BEGIN Excerpted data
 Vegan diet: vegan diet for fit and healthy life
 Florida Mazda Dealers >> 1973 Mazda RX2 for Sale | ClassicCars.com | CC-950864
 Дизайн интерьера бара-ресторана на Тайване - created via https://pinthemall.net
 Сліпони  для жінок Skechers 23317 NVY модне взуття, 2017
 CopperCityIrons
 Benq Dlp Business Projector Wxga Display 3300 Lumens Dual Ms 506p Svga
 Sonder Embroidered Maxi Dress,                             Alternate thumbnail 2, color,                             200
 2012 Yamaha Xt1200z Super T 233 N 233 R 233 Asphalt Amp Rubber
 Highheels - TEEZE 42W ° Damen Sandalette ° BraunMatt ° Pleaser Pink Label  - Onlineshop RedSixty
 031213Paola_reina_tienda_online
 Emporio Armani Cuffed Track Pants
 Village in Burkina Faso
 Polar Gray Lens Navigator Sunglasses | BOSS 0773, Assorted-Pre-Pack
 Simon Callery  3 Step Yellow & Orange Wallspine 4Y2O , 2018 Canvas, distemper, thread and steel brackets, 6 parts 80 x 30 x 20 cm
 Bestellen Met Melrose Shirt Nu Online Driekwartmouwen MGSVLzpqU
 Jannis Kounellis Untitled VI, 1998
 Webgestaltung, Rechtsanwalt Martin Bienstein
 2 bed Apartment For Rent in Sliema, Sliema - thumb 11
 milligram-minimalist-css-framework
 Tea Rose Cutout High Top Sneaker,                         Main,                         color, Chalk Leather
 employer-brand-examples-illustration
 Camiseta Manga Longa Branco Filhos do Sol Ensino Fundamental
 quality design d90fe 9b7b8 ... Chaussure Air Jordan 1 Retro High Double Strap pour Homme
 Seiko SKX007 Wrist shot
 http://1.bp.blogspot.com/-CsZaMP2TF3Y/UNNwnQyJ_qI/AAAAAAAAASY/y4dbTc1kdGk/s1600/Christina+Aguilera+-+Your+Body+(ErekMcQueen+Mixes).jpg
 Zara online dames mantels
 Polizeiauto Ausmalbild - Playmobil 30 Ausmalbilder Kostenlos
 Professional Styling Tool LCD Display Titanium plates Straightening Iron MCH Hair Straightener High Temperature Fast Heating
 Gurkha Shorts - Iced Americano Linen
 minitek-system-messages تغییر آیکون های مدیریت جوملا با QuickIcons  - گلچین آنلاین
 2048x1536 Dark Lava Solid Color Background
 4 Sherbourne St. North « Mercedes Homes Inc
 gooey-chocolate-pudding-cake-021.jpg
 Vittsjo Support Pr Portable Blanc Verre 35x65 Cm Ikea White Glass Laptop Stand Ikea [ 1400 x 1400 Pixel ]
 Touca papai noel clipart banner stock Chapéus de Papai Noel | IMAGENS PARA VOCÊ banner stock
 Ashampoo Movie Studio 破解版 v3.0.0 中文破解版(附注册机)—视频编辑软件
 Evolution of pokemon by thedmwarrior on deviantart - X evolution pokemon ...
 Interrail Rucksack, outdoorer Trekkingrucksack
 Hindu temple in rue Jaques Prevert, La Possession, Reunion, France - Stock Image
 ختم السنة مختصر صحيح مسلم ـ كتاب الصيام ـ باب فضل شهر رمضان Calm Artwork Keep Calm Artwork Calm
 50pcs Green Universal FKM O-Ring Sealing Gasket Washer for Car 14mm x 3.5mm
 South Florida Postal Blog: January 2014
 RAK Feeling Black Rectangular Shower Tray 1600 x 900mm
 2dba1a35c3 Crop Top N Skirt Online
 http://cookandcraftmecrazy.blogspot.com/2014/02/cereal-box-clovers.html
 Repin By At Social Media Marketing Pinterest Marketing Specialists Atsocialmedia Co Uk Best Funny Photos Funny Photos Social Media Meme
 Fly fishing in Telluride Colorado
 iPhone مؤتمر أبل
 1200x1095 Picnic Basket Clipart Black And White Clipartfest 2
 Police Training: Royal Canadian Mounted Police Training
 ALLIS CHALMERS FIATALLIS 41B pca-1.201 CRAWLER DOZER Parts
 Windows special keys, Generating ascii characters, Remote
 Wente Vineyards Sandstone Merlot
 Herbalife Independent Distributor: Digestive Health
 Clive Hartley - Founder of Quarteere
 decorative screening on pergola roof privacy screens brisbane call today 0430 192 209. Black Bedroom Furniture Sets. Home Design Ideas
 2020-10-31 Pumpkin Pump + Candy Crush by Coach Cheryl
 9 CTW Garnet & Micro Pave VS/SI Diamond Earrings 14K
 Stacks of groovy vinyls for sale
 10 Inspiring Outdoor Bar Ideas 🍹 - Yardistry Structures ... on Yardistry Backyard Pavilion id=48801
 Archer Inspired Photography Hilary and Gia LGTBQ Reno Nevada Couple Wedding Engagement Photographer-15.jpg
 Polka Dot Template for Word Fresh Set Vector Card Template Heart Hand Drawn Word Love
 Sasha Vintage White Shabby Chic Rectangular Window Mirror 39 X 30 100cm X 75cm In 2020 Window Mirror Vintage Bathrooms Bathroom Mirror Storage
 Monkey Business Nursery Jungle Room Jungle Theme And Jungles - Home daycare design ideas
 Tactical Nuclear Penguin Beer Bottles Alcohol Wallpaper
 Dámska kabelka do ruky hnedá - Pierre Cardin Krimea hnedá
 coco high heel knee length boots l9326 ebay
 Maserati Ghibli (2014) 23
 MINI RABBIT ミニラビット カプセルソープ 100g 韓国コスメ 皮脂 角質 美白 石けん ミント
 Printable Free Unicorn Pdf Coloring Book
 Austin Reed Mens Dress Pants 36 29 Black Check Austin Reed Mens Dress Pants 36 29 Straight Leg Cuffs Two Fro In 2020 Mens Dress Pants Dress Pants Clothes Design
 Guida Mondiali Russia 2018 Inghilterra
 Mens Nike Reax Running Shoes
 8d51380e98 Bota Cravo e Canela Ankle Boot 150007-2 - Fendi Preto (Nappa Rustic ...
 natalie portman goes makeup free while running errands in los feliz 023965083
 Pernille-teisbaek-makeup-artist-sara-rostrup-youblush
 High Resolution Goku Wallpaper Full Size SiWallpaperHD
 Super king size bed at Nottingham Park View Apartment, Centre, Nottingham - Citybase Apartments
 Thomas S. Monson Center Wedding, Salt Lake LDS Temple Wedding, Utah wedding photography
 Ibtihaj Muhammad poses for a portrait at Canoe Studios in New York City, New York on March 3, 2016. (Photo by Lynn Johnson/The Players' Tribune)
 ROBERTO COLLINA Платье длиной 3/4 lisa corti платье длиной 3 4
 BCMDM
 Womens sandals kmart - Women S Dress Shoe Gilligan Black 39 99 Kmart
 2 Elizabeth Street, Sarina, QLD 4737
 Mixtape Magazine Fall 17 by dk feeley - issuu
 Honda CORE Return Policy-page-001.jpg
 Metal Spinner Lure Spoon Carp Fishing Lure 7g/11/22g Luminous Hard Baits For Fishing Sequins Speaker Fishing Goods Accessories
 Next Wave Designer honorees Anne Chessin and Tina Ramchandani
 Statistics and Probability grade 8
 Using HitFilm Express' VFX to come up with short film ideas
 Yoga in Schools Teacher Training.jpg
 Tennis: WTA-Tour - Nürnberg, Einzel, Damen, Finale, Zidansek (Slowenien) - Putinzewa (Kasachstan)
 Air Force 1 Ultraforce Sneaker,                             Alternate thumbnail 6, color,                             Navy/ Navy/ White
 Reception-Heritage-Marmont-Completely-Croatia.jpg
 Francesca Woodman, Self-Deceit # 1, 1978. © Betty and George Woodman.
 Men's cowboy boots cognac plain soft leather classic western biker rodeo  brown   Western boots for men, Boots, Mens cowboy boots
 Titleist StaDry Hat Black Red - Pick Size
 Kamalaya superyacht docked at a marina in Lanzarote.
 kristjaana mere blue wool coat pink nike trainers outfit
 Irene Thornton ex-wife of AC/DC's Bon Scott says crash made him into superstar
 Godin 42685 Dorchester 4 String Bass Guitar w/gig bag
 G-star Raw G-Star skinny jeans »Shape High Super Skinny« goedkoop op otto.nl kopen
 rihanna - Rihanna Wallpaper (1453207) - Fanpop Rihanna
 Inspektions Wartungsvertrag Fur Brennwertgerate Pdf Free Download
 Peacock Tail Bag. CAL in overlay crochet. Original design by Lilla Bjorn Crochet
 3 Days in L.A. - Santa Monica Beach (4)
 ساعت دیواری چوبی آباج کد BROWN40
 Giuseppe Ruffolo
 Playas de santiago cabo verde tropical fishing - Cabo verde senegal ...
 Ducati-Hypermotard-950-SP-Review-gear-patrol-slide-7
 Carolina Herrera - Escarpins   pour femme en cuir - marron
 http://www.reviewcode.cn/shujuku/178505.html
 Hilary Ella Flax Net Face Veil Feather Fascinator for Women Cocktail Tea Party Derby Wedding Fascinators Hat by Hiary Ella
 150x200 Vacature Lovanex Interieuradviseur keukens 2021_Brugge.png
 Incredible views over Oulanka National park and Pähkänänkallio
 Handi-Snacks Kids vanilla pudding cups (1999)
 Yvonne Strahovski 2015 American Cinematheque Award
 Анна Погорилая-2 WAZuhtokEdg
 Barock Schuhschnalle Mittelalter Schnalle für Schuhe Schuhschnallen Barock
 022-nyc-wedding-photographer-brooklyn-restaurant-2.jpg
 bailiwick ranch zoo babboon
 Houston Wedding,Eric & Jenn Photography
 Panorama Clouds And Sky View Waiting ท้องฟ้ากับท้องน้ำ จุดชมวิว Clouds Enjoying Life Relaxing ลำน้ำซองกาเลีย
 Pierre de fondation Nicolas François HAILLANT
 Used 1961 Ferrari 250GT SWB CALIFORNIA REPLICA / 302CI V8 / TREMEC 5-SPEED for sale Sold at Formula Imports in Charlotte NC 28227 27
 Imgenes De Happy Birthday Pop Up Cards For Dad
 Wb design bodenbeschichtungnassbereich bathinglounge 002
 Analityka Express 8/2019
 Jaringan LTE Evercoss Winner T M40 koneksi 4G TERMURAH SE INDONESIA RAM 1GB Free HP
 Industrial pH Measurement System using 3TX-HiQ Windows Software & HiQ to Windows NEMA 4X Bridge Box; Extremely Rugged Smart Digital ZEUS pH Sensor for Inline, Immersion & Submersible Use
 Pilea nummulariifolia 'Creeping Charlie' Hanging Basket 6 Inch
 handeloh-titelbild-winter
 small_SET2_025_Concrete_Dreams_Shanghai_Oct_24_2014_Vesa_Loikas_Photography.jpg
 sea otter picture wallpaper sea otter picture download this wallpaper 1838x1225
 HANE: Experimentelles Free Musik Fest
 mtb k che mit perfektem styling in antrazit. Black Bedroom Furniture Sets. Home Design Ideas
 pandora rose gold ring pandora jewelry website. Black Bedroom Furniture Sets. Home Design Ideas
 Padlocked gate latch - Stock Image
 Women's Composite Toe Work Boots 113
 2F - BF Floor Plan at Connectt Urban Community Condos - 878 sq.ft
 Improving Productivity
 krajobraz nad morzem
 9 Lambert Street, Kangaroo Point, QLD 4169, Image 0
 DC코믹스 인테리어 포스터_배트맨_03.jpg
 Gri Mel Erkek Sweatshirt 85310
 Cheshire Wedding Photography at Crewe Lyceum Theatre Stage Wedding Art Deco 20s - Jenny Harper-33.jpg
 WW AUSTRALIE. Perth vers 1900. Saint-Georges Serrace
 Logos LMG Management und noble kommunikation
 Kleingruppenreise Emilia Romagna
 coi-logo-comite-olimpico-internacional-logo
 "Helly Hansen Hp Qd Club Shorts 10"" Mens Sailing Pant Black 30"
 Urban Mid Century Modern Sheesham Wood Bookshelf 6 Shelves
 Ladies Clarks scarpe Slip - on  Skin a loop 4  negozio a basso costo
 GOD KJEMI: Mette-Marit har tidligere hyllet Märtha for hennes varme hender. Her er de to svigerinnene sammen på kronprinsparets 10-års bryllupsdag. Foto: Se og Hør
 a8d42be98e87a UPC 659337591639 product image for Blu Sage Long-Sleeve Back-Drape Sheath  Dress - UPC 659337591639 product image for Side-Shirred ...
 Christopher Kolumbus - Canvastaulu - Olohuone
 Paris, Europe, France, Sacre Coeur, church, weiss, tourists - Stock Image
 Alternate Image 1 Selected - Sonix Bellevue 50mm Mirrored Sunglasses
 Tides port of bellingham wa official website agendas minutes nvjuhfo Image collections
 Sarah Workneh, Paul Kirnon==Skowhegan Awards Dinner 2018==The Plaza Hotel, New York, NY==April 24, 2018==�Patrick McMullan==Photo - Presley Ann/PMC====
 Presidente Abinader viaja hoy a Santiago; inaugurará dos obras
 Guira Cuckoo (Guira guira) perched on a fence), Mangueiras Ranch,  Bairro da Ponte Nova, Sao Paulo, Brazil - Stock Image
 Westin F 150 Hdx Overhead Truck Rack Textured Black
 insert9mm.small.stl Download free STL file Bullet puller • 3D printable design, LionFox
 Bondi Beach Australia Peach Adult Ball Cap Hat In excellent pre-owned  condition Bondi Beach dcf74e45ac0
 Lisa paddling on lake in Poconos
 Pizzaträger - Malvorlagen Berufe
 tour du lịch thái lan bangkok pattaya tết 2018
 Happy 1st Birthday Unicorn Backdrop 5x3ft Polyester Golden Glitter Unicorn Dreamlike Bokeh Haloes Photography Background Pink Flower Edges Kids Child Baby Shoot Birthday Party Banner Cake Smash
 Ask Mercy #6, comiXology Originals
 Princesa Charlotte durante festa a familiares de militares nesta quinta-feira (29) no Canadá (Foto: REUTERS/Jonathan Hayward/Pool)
END Excerpted data
### Description of the task
Reproduce the lines of the records exactly, from the first one through the line that contains "Vittsjo Support Pr".

### Task solution
 Vegan diet: vegan diet for fit and healthy life
 Florida Mazda Dealers >> 1973 Mazda RX2 for Sale | ClassicCars.com | CC-950864
 Дизайн интерьера бара-ресторана на Тайване - created via https://pinthemall.net
 Сліпони  для жінок Skechers 23317 NVY модне взуття, 2017
 CopperCityIrons
 Benq Dlp Business Projector Wxga Display 3300 Lumens Dual Ms 506p Svga
 Sonder Embroidered Maxi Dress,                             Alternate thumbnail 2, color,                             200
 2012 Yamaha Xt1200z Super T 233 N 233 R 233 Asphalt Amp Rubber
 Highheels - TEEZE 42W ° Damen Sandalette ° BraunMatt ° Pleaser Pink Label  - Onlineshop RedSixty
 031213Paola_reina_tienda_online
 Emporio Armani Cuffed Track Pants
 Village in Burkina Faso
 Polar Gray Lens Navigator Sunglasses | BOSS 0773, Assorted-Pre-Pack
 Simon Callery  3 Step Yellow & Orange Wallspine 4Y2O , 2018 Canvas, distemper, thread and steel brackets, 6 parts 80 x 30 x 20 cm
 Bestellen Met Melrose Shirt Nu Online Driekwartmouwen MGSVLzpqU
 Jannis Kounellis Untitled VI, 1998
 Webgestaltung, Rechtsanwalt Martin Bienstein
 2 bed Apartment For Rent in Sliema, Sliema - thumb 11
 milligram-minimalist-css-framework
 Tea Rose Cutout High Top Sneaker,                         Main,                         color, Chalk Leather
 employer-brand-examples-illustration
 Camiseta Manga Longa Branco Filhos do Sol Ensino Fundamental
 quality design d90fe 9b7b8 ... Chaussure Air Jordan 1 Retro High Double Strap pour Homme
 Seiko SKX007 Wrist shot
 http://1.bp.blogspot.com/-CsZaMP2TF3Y/UNNwnQyJ_qI/AAAAAAAAASY/y4dbTc1kdGk/s1600/Christina+Aguilera+-+Your+Body+(ErekMcQueen+Mixes).jpg
 Zara online dames mantels
 Polizeiauto Ausmalbild - Playmobil 30 Ausmalbilder Kostenlos
 Professional Styling Tool LCD Display Titanium plates Straightening Iron MCH Hair Straightener High Temperature Fast Heating
 Gurkha Shorts - Iced Americano Linen
 minitek-system-messages تغییر آیکون های مدیریت جوملا با QuickIcons  - گلچین آنلاین
 2048x1536 Dark Lava Solid Color Background
 4 Sherbourne St. North « Mercedes Homes Inc
 gooey-chocolate-pudding-cake-021.jpg
 Vittsjo Support Pr Portable Blanc Verre 35x65 Cm Ikea White Glass Laptop Stand Ikea [ 1400 x 1400 Pixel ]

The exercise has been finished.